インサイダー取引事案。金商法施行令の「公開」の意義。リーク報道がされた場合のインサイダー取引規制。
最高裁H28.11.28
<事案>
経済産業省大臣官房審議官であった被告人が、職務上の権限の行使に関し、上場会社であるNECエレクトロニクス㈱の業務執行を決定する機関が、株式会社ルネサステクノロジと合弁することについての決定をした旨の重要事実を知った⇒その公表前に、NECエレクトロニクス社の株券合計5000株を代金合計489万7900円で買い付けたというインサイダー取引の事案。
本件の重要事実であるNECエレクトロニクス社とルネサステクノロジ社の合併に関する意思決定は、両社及び親会社の連名により、平成21年4月27日に適時開示されているところ、これに先立つ同月21日から同月27日の間に、被告人はNECエレクトロニクス社㈱の購入を行った。
<解説>
金商取引法(塀絵師23年法律第49号による改正前のもの)166条4項及びその委任を受けた金融商品取引法施行令(平成23年政令第181号による改正前のもの)30条は、インサイダー取引規制の解除要件である重要事実の「公表」の方法を、
(1)有価証券届出書・報告書等の、公衆の縦覧
(2)報道機関(2以上を含む報道機関に対して公開)し、12時間経過
(3)取引所への通知と公衆への縦覧(適時開示)
<弁護人主張>
平成21年4月16日付け日本経済新聞朝刊及びそれに引き続く一連の報道において、本件の重要事実を内容とする情報源不明のリーク報道
⇒
論点①本件重要事実は、施行令30条1項1号に基づき公表され、法166条1項によるインサイダー取引規制の対象外となった可能性が高く、少なくともかかる方法により公表されていないことにつき検察官が立証責任を果たしていない。
論点②本件重要事実は、一連のリーク報道により公知の状態に⇒法166条所定の「重要事実」性を喪失し、インサイダー取引規制の効力が失われていた。
<判断>
法令上、重要事実の公表の方法として限定的かつ詳細な規定が設けられた趣旨:
「投資家の投資判断に影響を及ぼすべき情報が、法令に従って公平かつ平等に投資家に開示されることにより、インサイダー取引規制の目的である市場取引の公平・公正及び市場に対する投資家の信頼の確保に資するとともに、インサイダー取引規制の対象者に対し、個々の取引が処罰等の対象となるか否かを区別する基準を明確に示すことにあると解される。
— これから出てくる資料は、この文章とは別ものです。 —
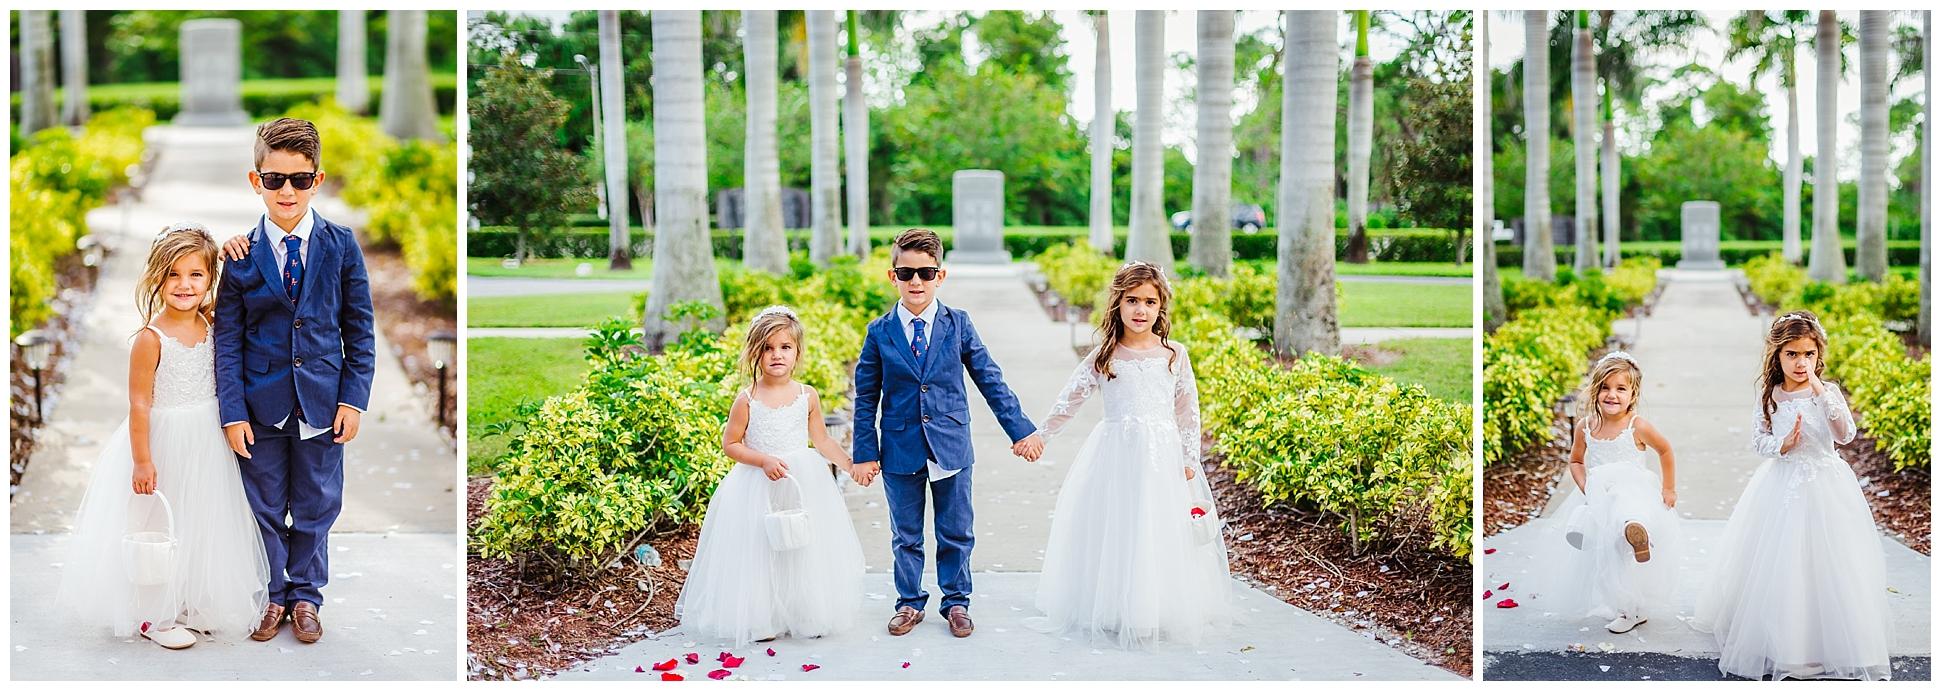 indian-armenian-clearwater-wedding-chic-luxury-photogaphy_0070.jpg

」
論点①について:
かかる法令の趣旨に照らせば、施行令30条1項1号の方法は、
「当該報道機関が行う報道の内容が、同号所定の主体によって公開された情報に基づくものであることを、投資家において確定的に知ることができる態様で行われることを前提としていると解される」
「情報源を公にしないことを前提とした報道機関に対する重要事実の伝達は、たえその主体が同号に該当する者であったとしても、同号にいう重要事実の報道機関に対する「公開」にあは当たらない」
⇒本件において同号に基づく、「公開」はされていない。
論点②について:
所論のような解釈は「当該報道に法166条所定の「公表」と実質的に同地の効果を認めるに等しく」、「公表の方法について限定的かつ詳細な規定を設けた法令の趣旨と基本的に相容れない」とした上、
「会社の意思決定に関する重要事実を内容とする報道がされたとしても、情報源が公にされない限り、法166条1項によるインサイダー取引規制の効力がうしなわれることはない」
と判示。
<解説>
最高裁判例が存在しない方166条4項の「公表」を巡る論点のうち、リークないしリーク報道とインサイダー取引規制の効力の関係について初判断を示したもの。